Another problem is that many of the top one percent of earners in a given year are based on one-time capital gains sales (rather than permanent high incomes), which the authors address only in a roundabout way. U.S. Treasury data show that of the top 400 earners in tax years 1992 through 2014, 71 percent were among that select group for only one year.
Overall, lifetime incomes show much less inequality than random snapshots in time. IRS data show that three-quarters of the top one percent fall out within six years. And measurements that focus on consumption rather than income -- which take into account taxes, government benefits, and the lifetime smoothing of consumption -- show little change in inequality across the quintiles between 1960 and 2014.
All that said, Piketty, Saez, and Zucman make a useful contribution to the study of income inequality. The major policy question (assuming one accepts the data) is whether this pulling away of the top 0.5 to 3.0 percent is really a “problem” to be “solved.” After all, the economy is not a fixed pie whereby one person’s wealth creates another person’s poverty. Former Bush White House economist Keith Hennessey has described how a flower garden is the better metaphor for an economy. All flowers in a garden share the same common underlying climate, soil, and pests, yet will grow at different rates due to the individual aspects of each flower. Although some flowers enjoy natural advantages over others (some of which may not be fair), their faster growth does not come at the expense of slower-growing neighbors. Hennessey adds that:
“Policymakers should focus their energies on absolute growth rates rather than relative ones. It’s not a problem that some flowers are growing faster than normal, unless (a) that growth is indeed coming at the expense of other flowers, or (b) that more rapid growth is because the gardeners are neglecting [some flowers] to help [others] grow faster.”
Bill Gates, Steve Jobs, and other computer revolutionaries set in motion a process that created enormous global wealth, revolutionized the economy, enhanced communications, and improved countless lives. That they retained a small fraction of this wealth and thus increased income inequality does not undo any of these societal benefits.

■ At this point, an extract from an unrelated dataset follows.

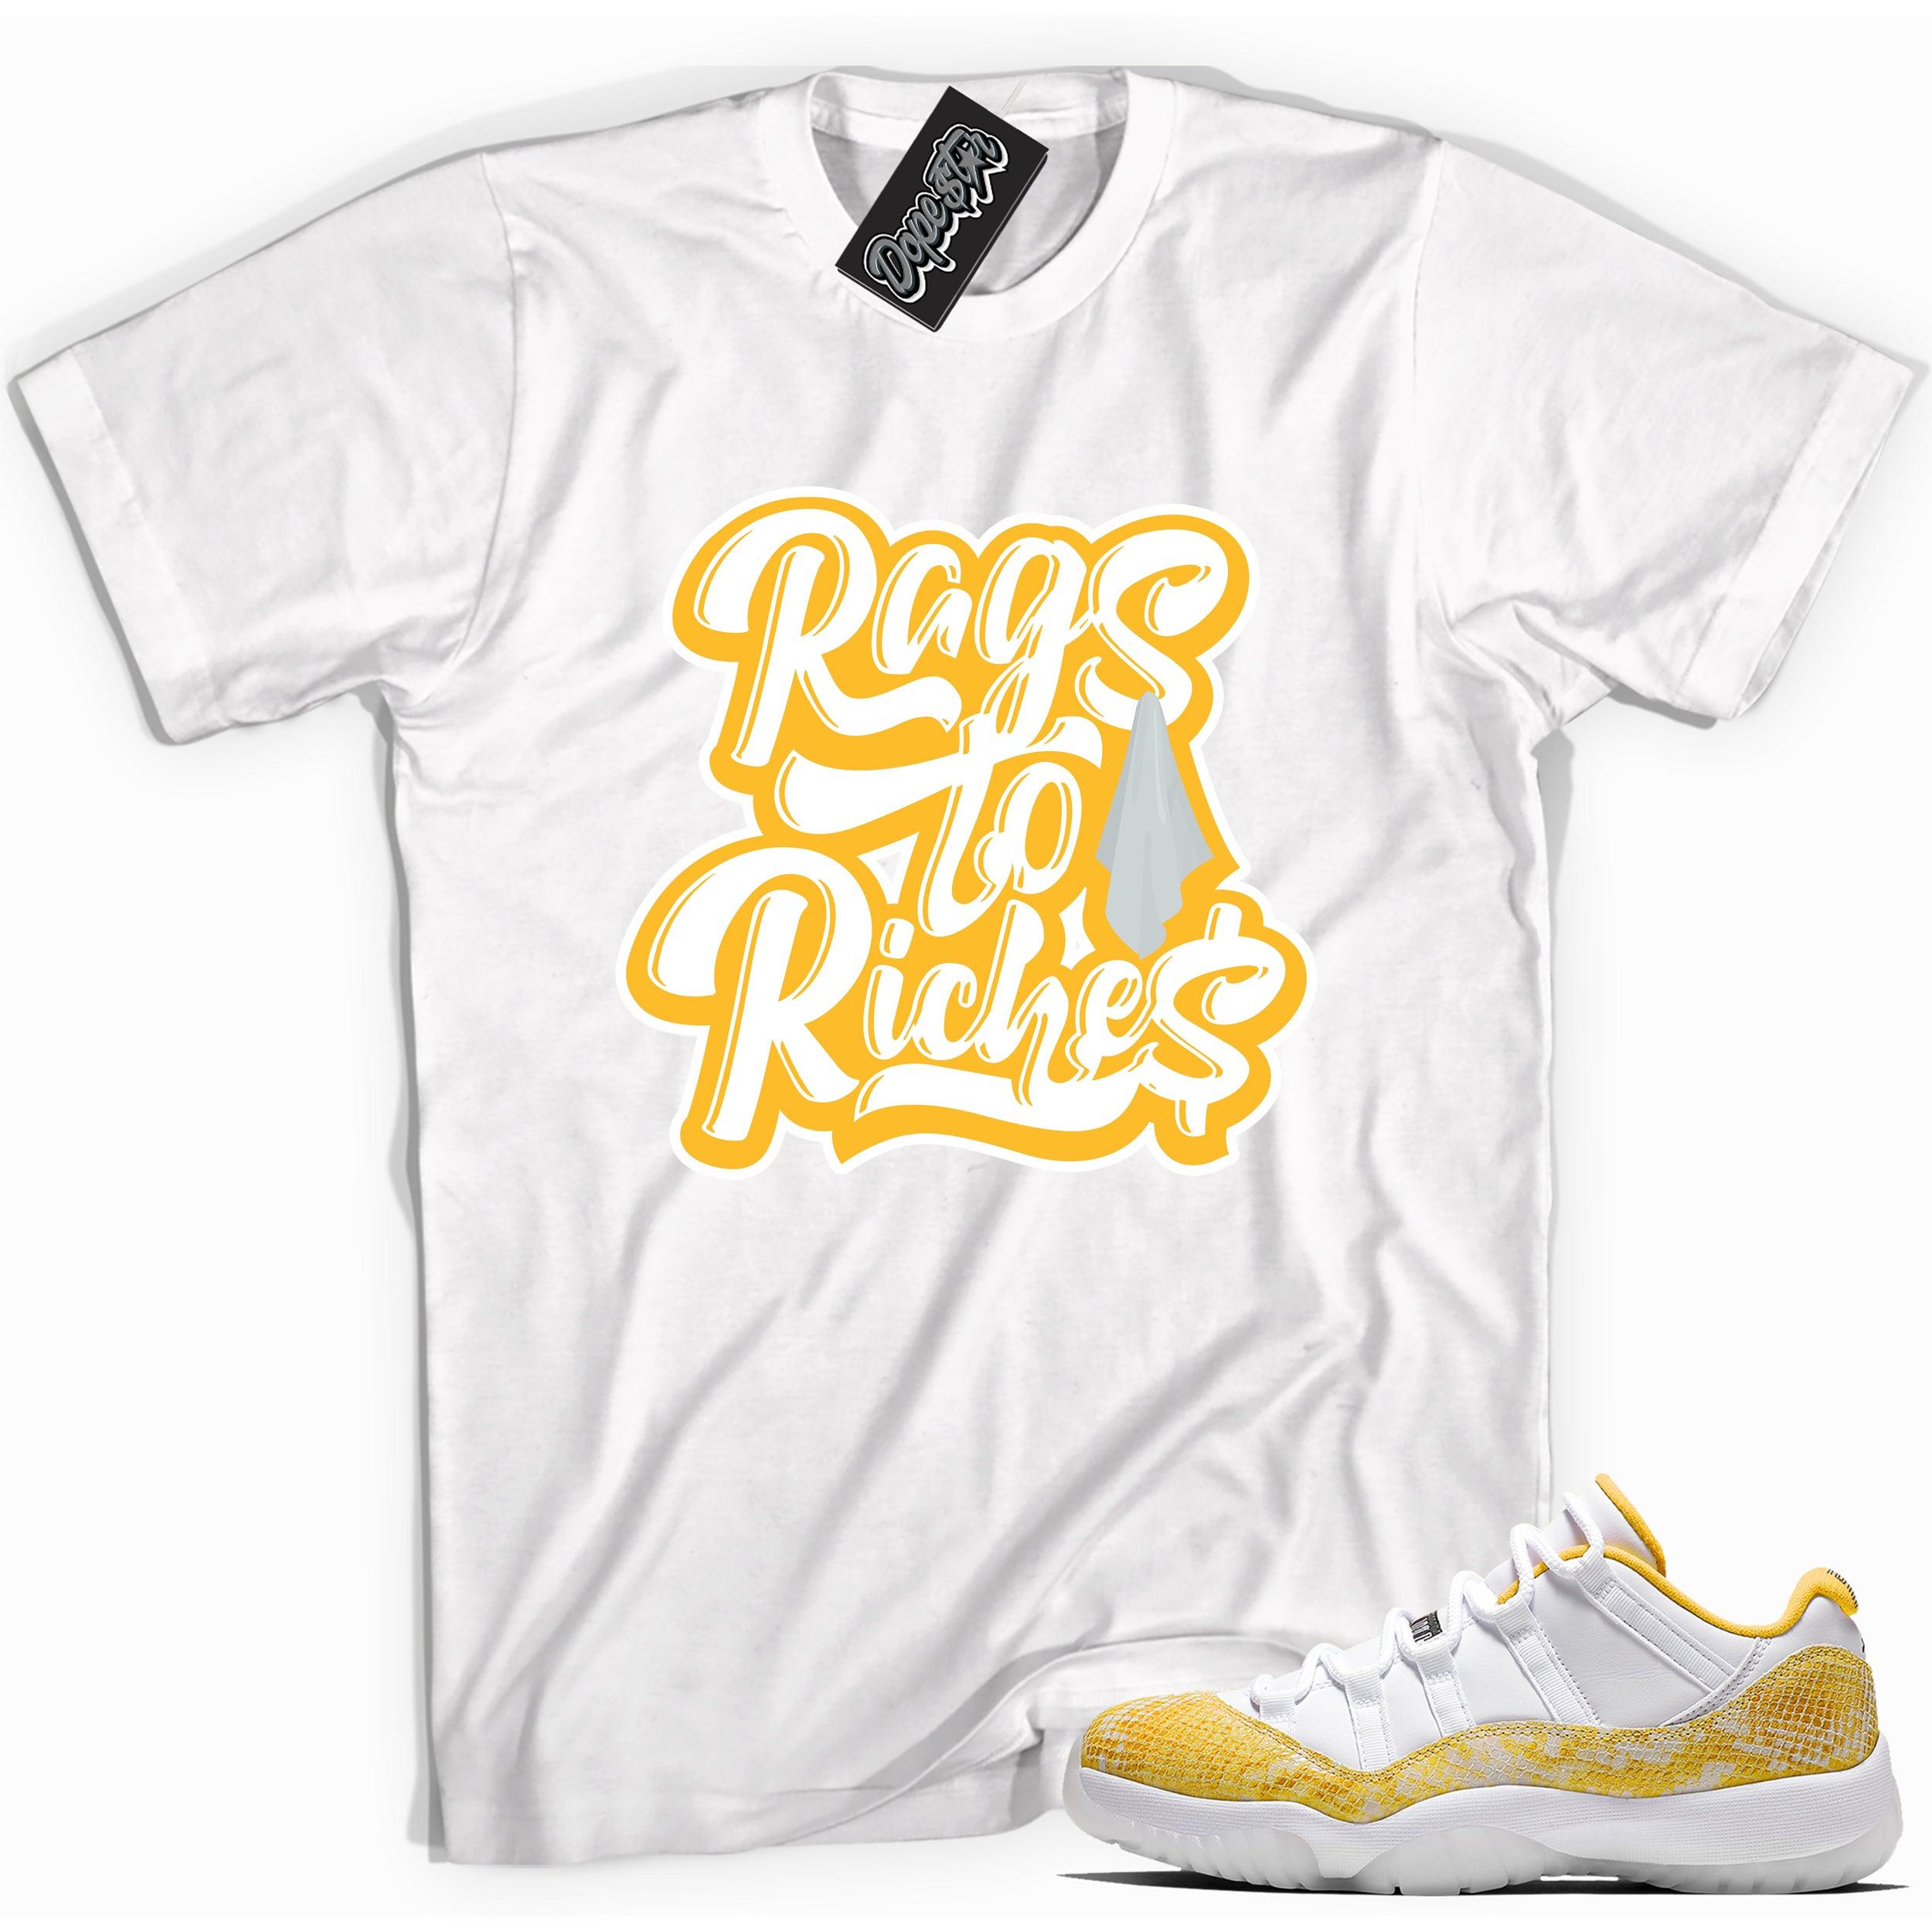 Cool white graphic tee with 'rags to riches' print, that perfectly matches Air Jordan 11 Retro Low Yellow Snakeskin sneakers

The more common viewpoint is that income should be both celebrated and heavily taxed. Someone must pay the government’s bills, the argument goes, so why not the economy’s top beneficiaries? Moral questions aside, that argument can proceed only so far before colliding with budgetary and economic reality.
America already has the most progressive tax code of all OECD nations. The top one percent of taxpayers – which closely approximates the group pulling away from the rest – already pays 39 percent of all federal income taxes despite earning 15 percent of the income. Significantly taxing the super-rich would not finance much more government. According to IRS tax data, the entire universe of currently-untaxed annual income over the $1 million threshold is 3 percent of GDP. Many of these families are already paying combined (federal, state, and payroll) marginal tax rates above 50 percent. Additional taxes on these millionaires could realistically capture perhaps one more percent of GDP in revenue before the exorbitant tax rates stifle the economy and begin to reduce revenues.
Not enough taxpayers exist at those high incomes to solve the long-term budget deficit, much less finance new spending. Consequently, lawmakers who begin by calling for millionaire taxes often end up reaching much further down the income scale – where nearly three-fourths of income is earned outside of the richest five percent. Therefore, taxpayers hearing calls for “tax increases on the super-wealthy” should guard their own pocketbooks.